This service focuses on assessing the fairness and equity of AI models used in healthcare. Through demographic performance breakdowns, explainable AI (XAI) tools, and bias detection methods, SMAILE at Karolinska Institutet supports the ethical development of AI tools. The service identifies potential bias in models and helps adjust training datasets or algorithms to promote fairness across age, gender, ethnicity, and other protected attributes.

We provide expertise and support in: • Bias and fairness audits for clinical AI • Performance disaggregation across demographic groups • Explainable AI and equity-by-design principles

How can the service help you?

Many developers are unaware of hidden biases in training data or model outputs. This service reveals fairness issues early and provides actionable diagnostics with tailored mitigation strategies. It helps build stakeholder trust and prepares for future ethical or regulatory scrutiny.

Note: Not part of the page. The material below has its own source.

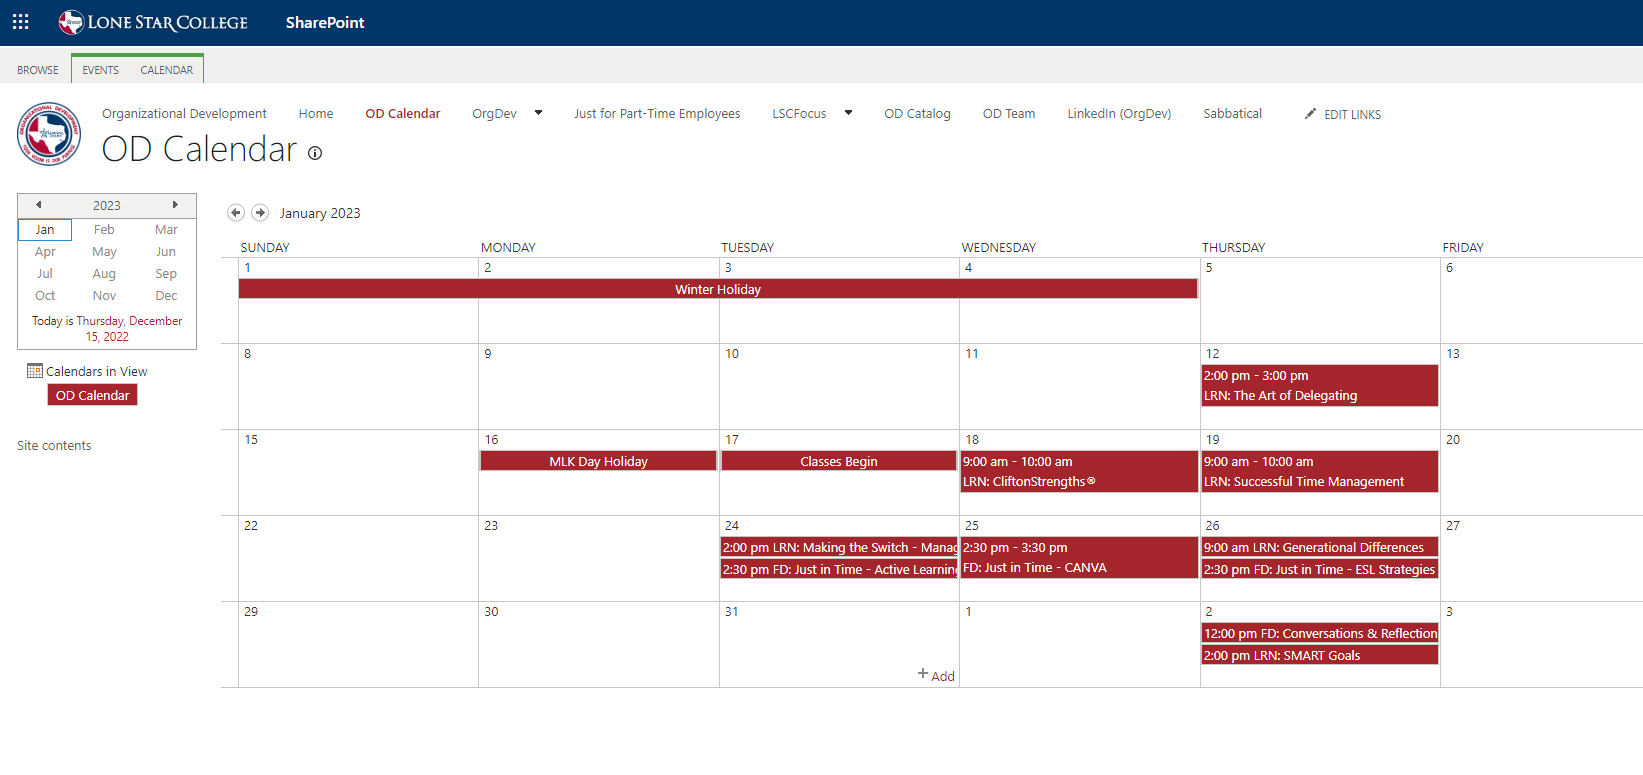 Organizational Development Calendar

How will the service be delivered?

Primarily delivered virtually. Clients provide access to anonymized datasets and models. SMAILE experts run audits using stratified metrics and XAI tools. Turnaround time: 2–3 weeks.

Additional Information

Provider Description

SMAILE specializes in responsible AI and ethical technology development. We support equity-focused model design and provide tools and strategies to mitigate risks of algorithmic harm in clinical settings.

Technical Description

Bias analysis is conducted using group-specific performance metrics (e.g., sensitivity, specificity, precision), fairness indicators (e.g., demographic parity, equal opportunity), and XAI tools such as SHAP, LIME, and counterfactual testing. The service aligns with fairness frameworks, including IEEE P7003 and the EU AI Act.

Service Customization

Clients can specify target subgroups for analysis. Optional components include bias mitigation training, fairness KPI monitoring, and strategy workshops.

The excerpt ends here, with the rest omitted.